In reality, trees are made of wood.

So, the the semantic skeleton would have a 'tree' node connected to a 'wood' node and maybe a 'can burn' node'. Without the context provided by the nice labels, you wouldn't know what those meant, it'd just be a node connected to two others. but with the  billions of nodes and quadrillions of connections on a complete deconstruction of language. There might be enough context to make a few educated guesses.

But since having a complete ontological map of reality is really nontrivial, and probably impossible in general, and likely impossible even at the limit, any map you'd come across would be only a partial map.

But those are details.

Say, you had two ontological maps, and you needed to find a mapping between them.

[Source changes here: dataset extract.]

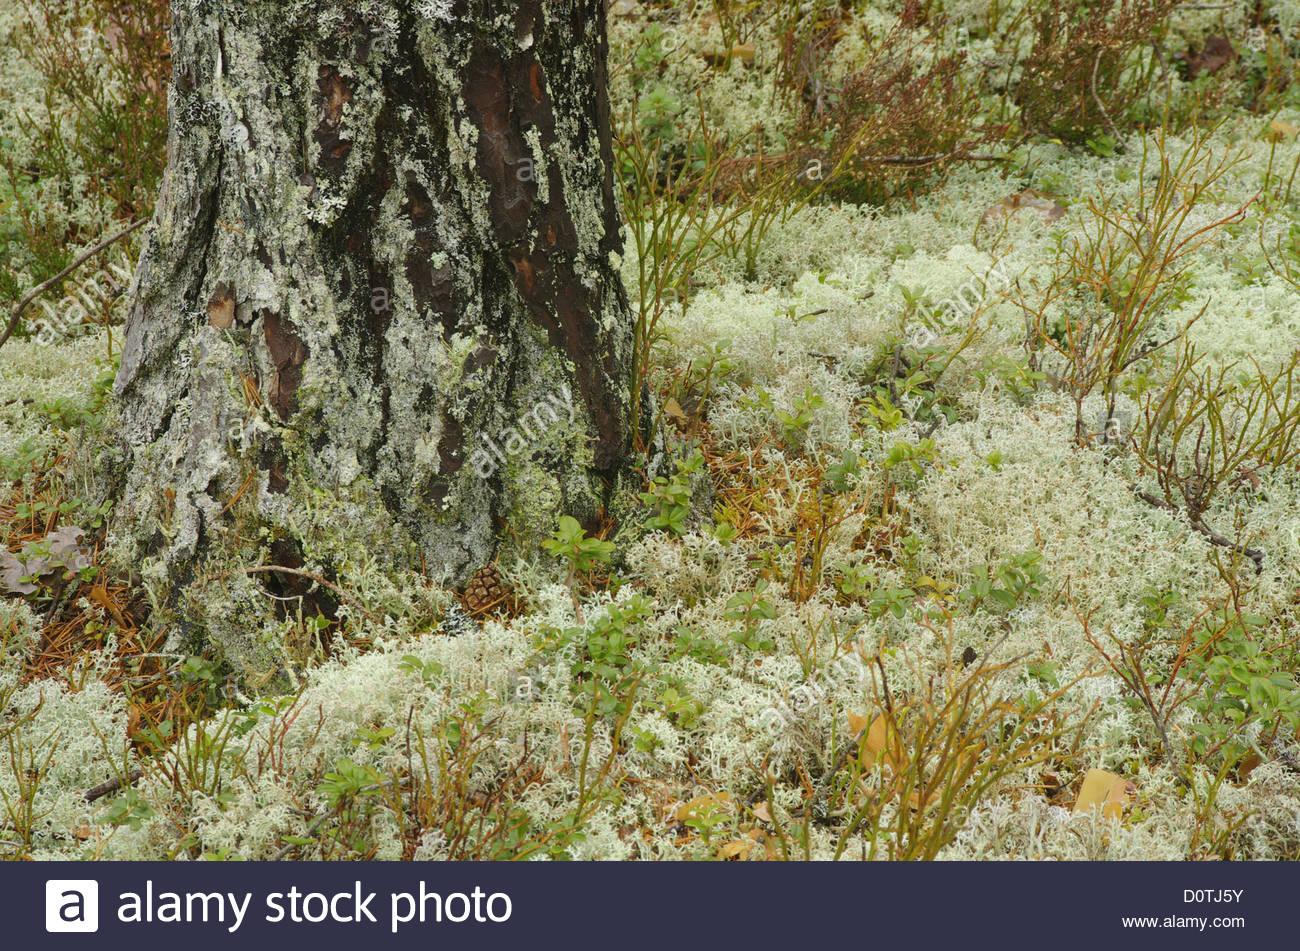 Europe, Sweden, Hamra, landscapes, forest, enchanted forest - Stock Image

It's take exponential time, but it should be possible.


From Three Worlds Collide:

The Lord Programmer smiled, ever so slightly.  "You see, that enormous dump of data they sent us - I think that was their Local Archive, or equivalent.  A sizable part of their Net, anyway.  Their text, image, and holo formats are utterly straightforward - either they don't bother compressing anything, or they decompressed it all for us before they sent it.  And here's the thing: back in the Dawn era, when there were multiple human languages, there was this notion that people had of statistical language translation.  Now, the classic method used a known corpus of human-translated text.  But there were successor methods that tried to extend the translation further, by generating semantic skeletons and trying to map the skeletons themselves onto one another.  And there are also ways of automatically looking for similarity between images or holos.  Believe it or not, there was a program already in the Archive for trying to find points of linkage between an alien corpus and a human corpus, and then working out from there to map semantic skeletons... and it runs quickly, since it's designed to work on older computer systems.  So I ran the program, it finished, and it's claiming that it can translate the alien language with 70% confidence.  Could be a total bug, of course.  But the aliens sent a second message that followed their main data dump - short, looks like text-only.  Should I run the translator on that, and put the results on the main display?"

I'm embarrassed it took me until now to understand this paragraph.